An electron is projected into a uniform electric field E = (1000 N/C)i with an initial velocity (2.00* 10^6m/s)i in the direction of the field. How far the electron travel before it is brought momentarily to rest?
retarding force = E e = m a where m is electron mass and e is electron charge so
a = Ee/m
constant Force --- > constant de acceleration, just like gravity
if you throw something up with speed Vi
F = -m g = - m a
v = Vi - g t, when v = 0, t = Vi/g
x = Vi t - (1/2) g t^2
x = Vi^2/g - (1/2) g Vi^2/g^2 = (1/2) Vi^2/g
here instead of g we have for acceleration E e/m
so
x = (1/2) Vi^2 [ m / Ee ]
the field is horizontal
To find the distance the electron travels before it is brought momentarily to rest, we need to calculate the time it takes for the electron to reach zero velocity.
We can use the equation of motion: v = u + at, where:
- v is the final velocity (zero in this case)
- u is the initial velocity (2.00 * 10^6 m/s)
- a is the acceleration
- t is the time
In this case, the electron experiences a force due to the electric field, causing it to decelerate until it comes to rest.
The force experienced by the electron is given by the equation: F = qE, where:
- F is the force experienced by the electron
- q is the charge of the electron (1.6 * 10^(-19) C)
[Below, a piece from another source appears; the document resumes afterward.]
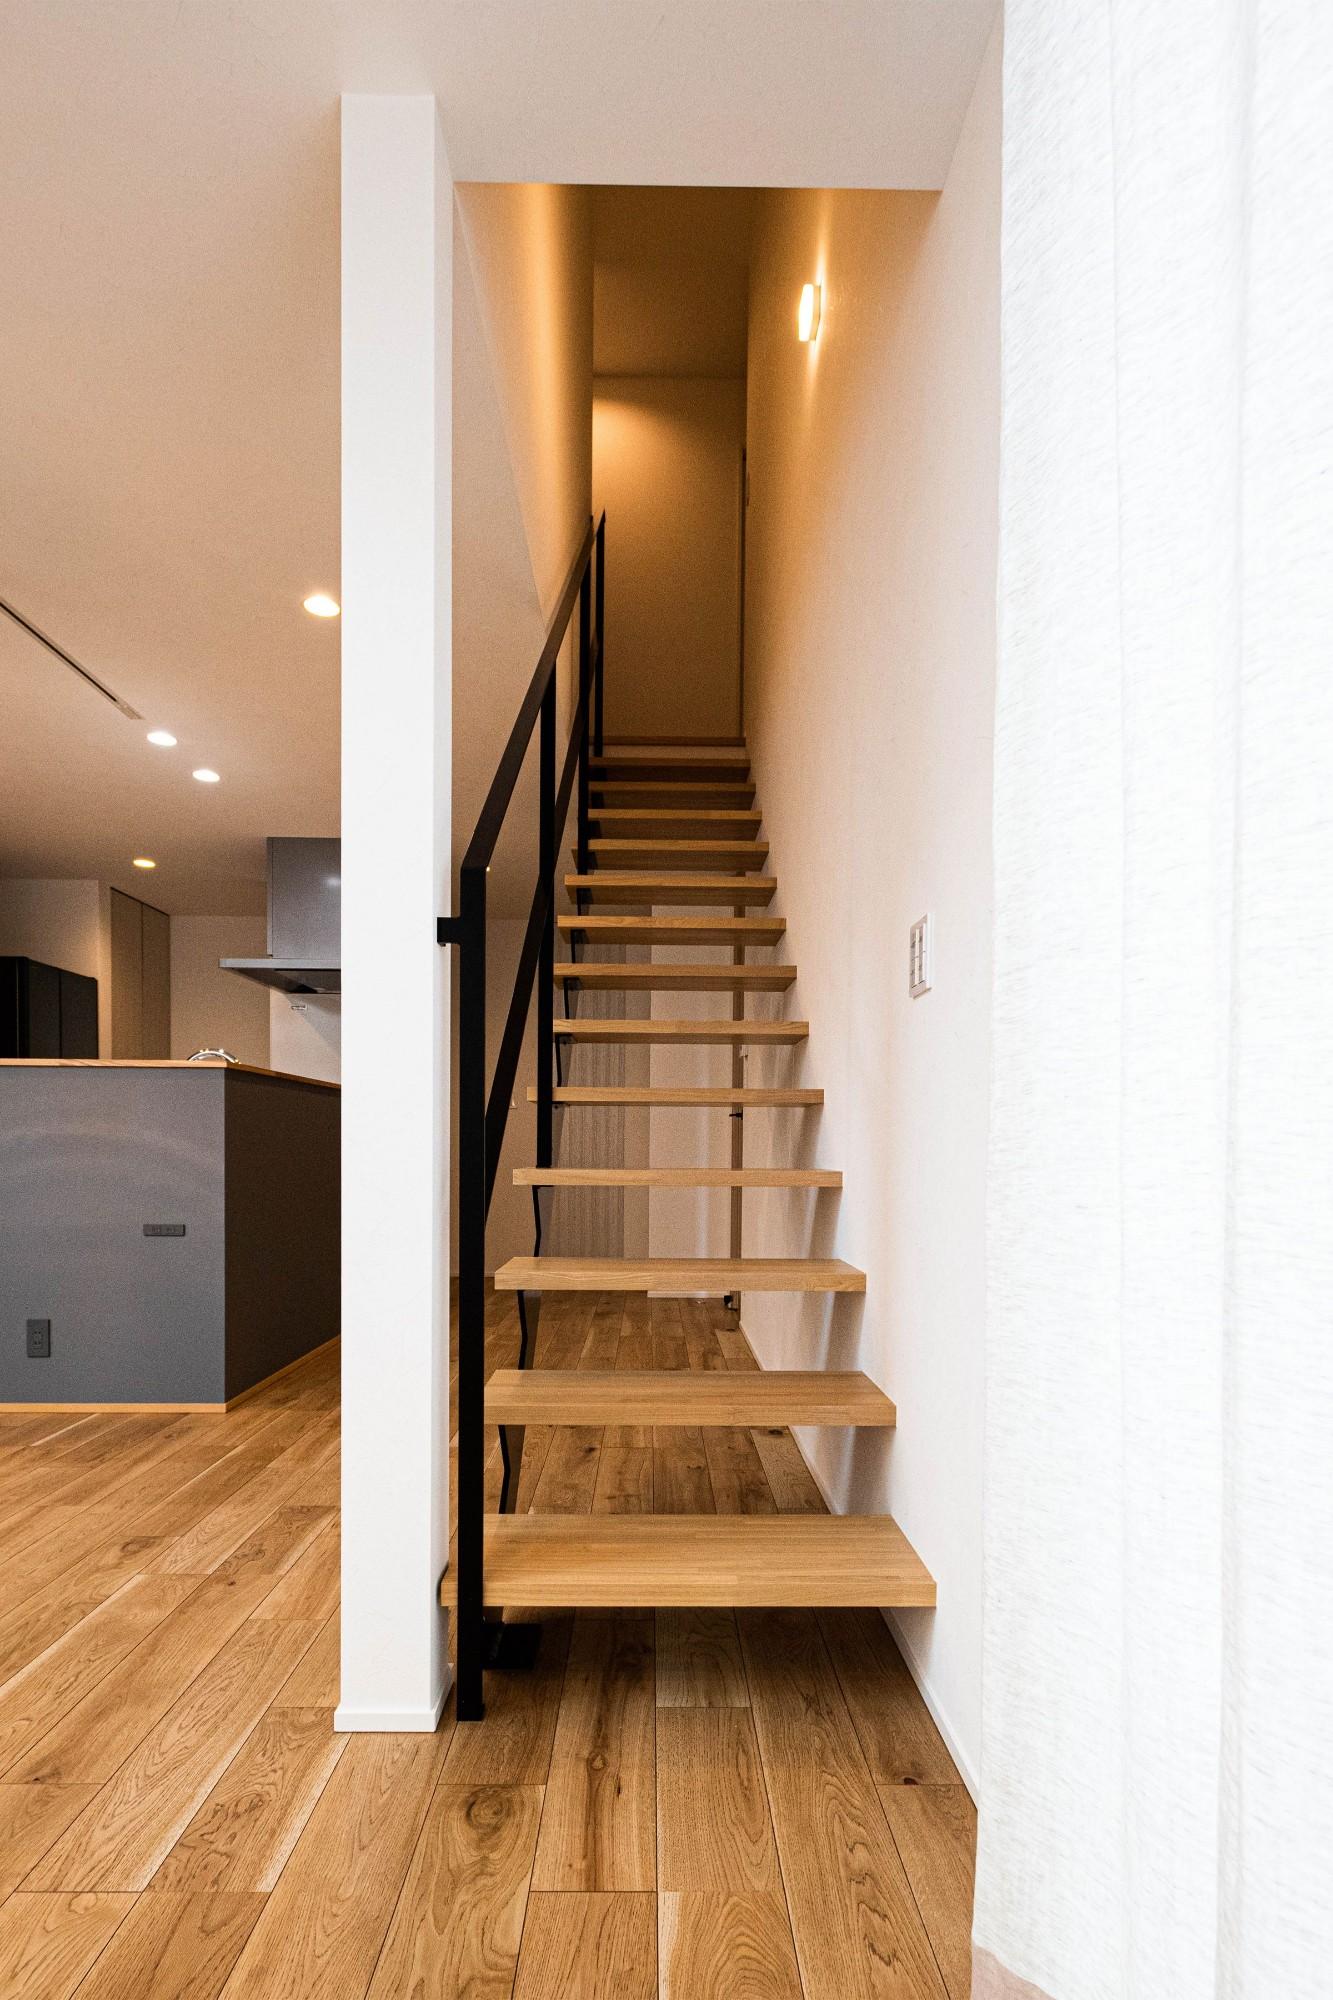 DETAIL HOME(ディテールホーム)「縦横の広がりをつくる、ツリーと吹抜けのある家」のシンプル・ナチュラルな階段の実例写真

- E is the electric field (1000 N/C)
Since the force is equal to ma (where m is the mass of the electron), we can rewrite the equation as: ma = qE.
The acceleration (a) can be rearranged from the equation as: a = qE/m.
Substituting the values, we get: a = (1.6 * 10^(-19) C)(1000 N/C) / (9.11 * 10^(-31) kg).
Now, we can substitute the values of a and u into the equation v = u + at and solve for t:
0 = (2.00 * 10^6 m/s) + [(1.6 * 10^(-19) C)(1000 N/C) / (9.11 * 10^(-31) kg)] * t
Solving for t, we get: t = - (2.00 * 10^6 m/s) / [(1.6 * 10^(-19) C)(1000 N/C) / (9.11 * 10^(-31) kg)]
Calculating this expression, t = - (2.00 * 10^6 m/s) / [(1.6 * 10^(-19) C)(1000 N/C) / (9.11 * 10^(-31) kg)] = -11.19 x 10^(-12) s.
Since we are interested in the distance traveled, we can use the equation: s = ut + (1/2)at^2.
Substituting the values, we get: s = (2.00 * 10^6 m/s) * (-11.19 x 10^(-12) s) + (1/2) * [(1.6 * 10^(-19) C)(1000 N/C) / (9.11 * 10^(-31) kg)] * (-11.19 x 10^(-12) s)^2
Calculating this expression, s = -1.24 x 10^(-4) m.
Therefore, the electron travels approximately -1.24 x 10^(-4) meters before it is brought momentarily to rest. Note that the negative sign indicates the direction of the electron's motion is opposite to the direction of the electric field.
To find the distance traveled by the electron before it is brought momentarily to rest, we need to determine the deceleration of the electron and then use the kinematic equation for distance.
The electric force experienced by the electron can be calculated using the equation F = qE, where F is the force, q is the charge of the electron, and E is the electric field strength. In this case, the charge of an electron is -1.6 × 10^-19 C (coulombs), and the electric field strength is given as E = (1000 N/C)i.
So, substituting these values into the equation, we have:
F = qE
F = (-1.6 × 10^-19 C)(1000 N/C)i
F = (-1.6 × 10^-16 N)i
Since force is related to acceleration through Newton's second law (F = ma), and in this case, the acceleration is in the opposite direction of the initial velocity, we can write:
ma = (-1.6 × 10^-16 N)i
Dividing both sides of the equation by the electron mass (m = 9.1 × 10^-31 kg), we get:
a = (-1.6 × 10^-16 N)i / (9.1 × 10^-31 kg)
a = (-1.76 × 10^14 m/s^2)i
Now, since the electron is initially moving in the direction of the electric field, the acceleration will act against the direction of motion. So, the acceleration vector can be represented as a = (-1.76 × 10^14 m/s^2)i.
To find the distance traveled, we can use the kinematic equation for distance:
d = (v^2 - u^2) / (2a)
where d is the distance, v is the final velocity, u is the initial velocity, and a is the acceleration.
Since the final velocity is zero (because the electron is brought momentarily to rest), the equation becomes:
d = -u^2 / (2a)
d = -[(2.00 × 10^6 m/s)^2] / [2(-1.76 × 10^14 m/s^2)]
Evaluating the equation, we find:
d ≈ 2.27 × 10^-10 meters
Therefore, the electron travels approximately 2.27 x 10^-10 meters before it is brought momentarily to rest.